The inner is discovered to be inseparable from the outer,
and the outer is discovered to be inseparable from the inner.

This discovery unfolds through two complementary insights:

Seeing that the experiencer never exists independently of experience,
and
seeing that the experienced never exists independently of the experiencer.

When both are understood in this way, their shared suchness appears without division—free of any sense of two separate substances.
This non-apprehension of duality is the true discovery of the object.

How the Teaching Itself Is Discovered

The teaching is not merely heard or repeated; it must be discovered through three modes of wisdom:

1. Wisdom Born of Learning

The genius begins by focusing the mind on the stated meaning of what is studied.
Words form a temporary scaffold; conceptual understanding provides a doorway.
Through careful attention and trust in the meaning, a first, basic clarity emerges.

This is the discovery of the teaching through learning.

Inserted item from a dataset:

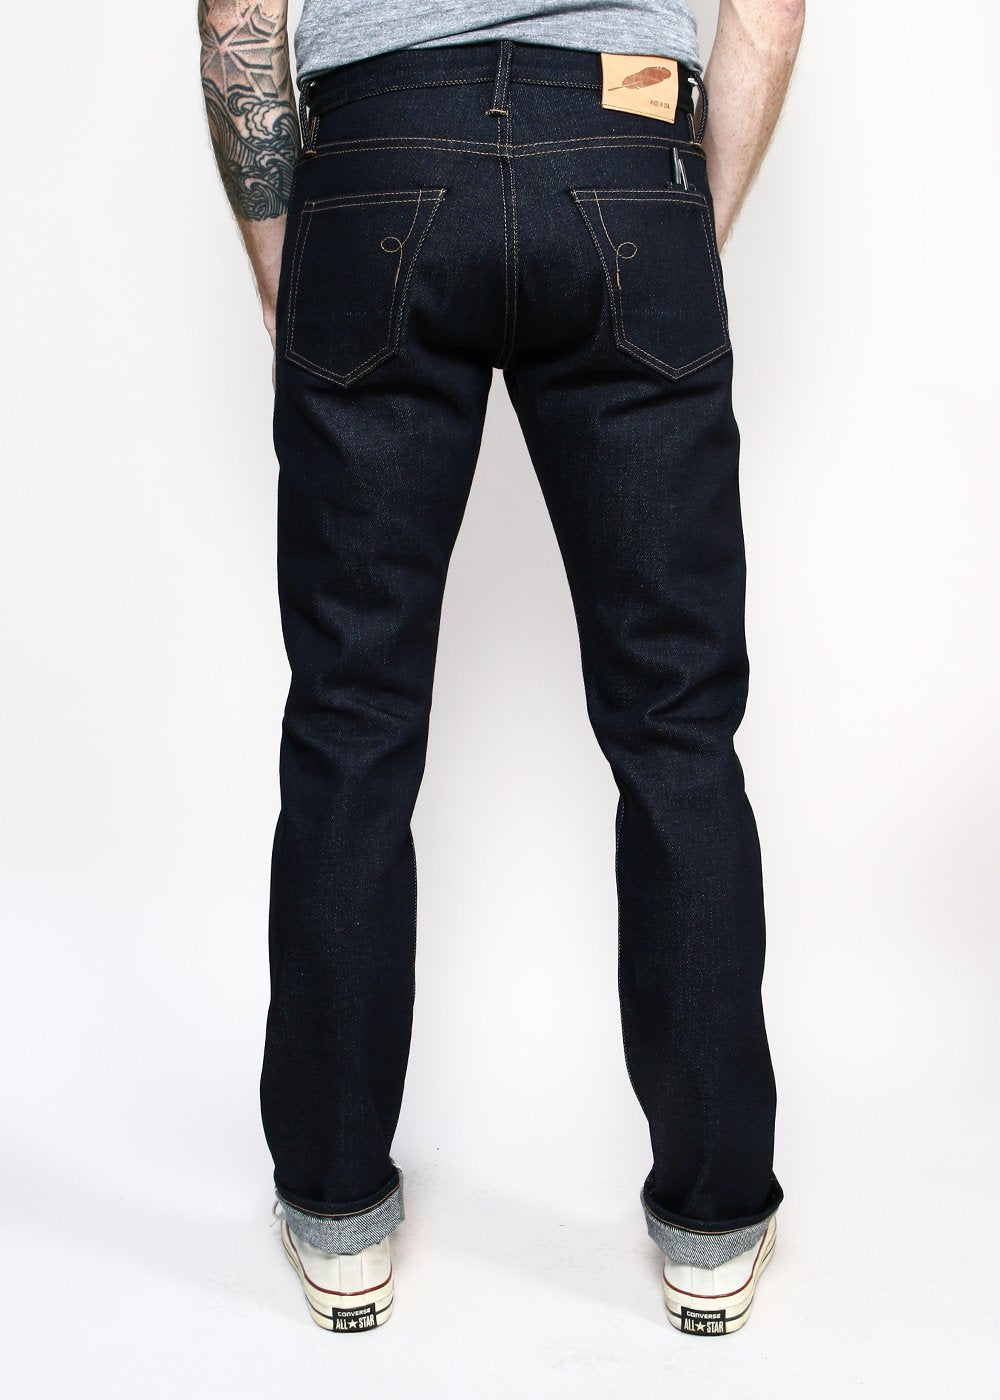 Rogue Territory 22oz Standard Issue Selvedge Mildblend

2. Wisdom Born of Reflection

Next, the genius recognizes that the way things appear is shaped by mental construction.
Outer objects gain their form through how the mind verbalizes them.
This reflection reveals that experience is not simply “out there,” but arises in interplay with inner formulation.

Recognizing this allows the teaching to be discovered on a deeper, less literal level.

3. Wisdom Born of Meditation

Finally, the genius fixes the mind on the bare fact that objects arise only by conceptual designation — that there is no inherent “thing” apart from naming and perception.

This stabilization, where the mind rests solely on the nominal and no longer imagines substance on either side — inner or outer — produces a discovery beyond thought.

Here, the duality of knowing and known collapses, and the teaching is realized directly rather than interpreted.

How All Three Layers Connect

These discoveries of the inner, the outer, and their shared nature become possible only because the genius first enters into the teaching as an objective through the structured learning of the three collections.

The teaching provides the map
→ reflection reveals how the terrain appears
→ meditation uncovers the ground beyond maps and appearances.

In this way, the three kinds of wisdom uncover the three dimensions of the objective world, and this entire process rests on a single commitment: to investigate experience until nothing is left unquestioned.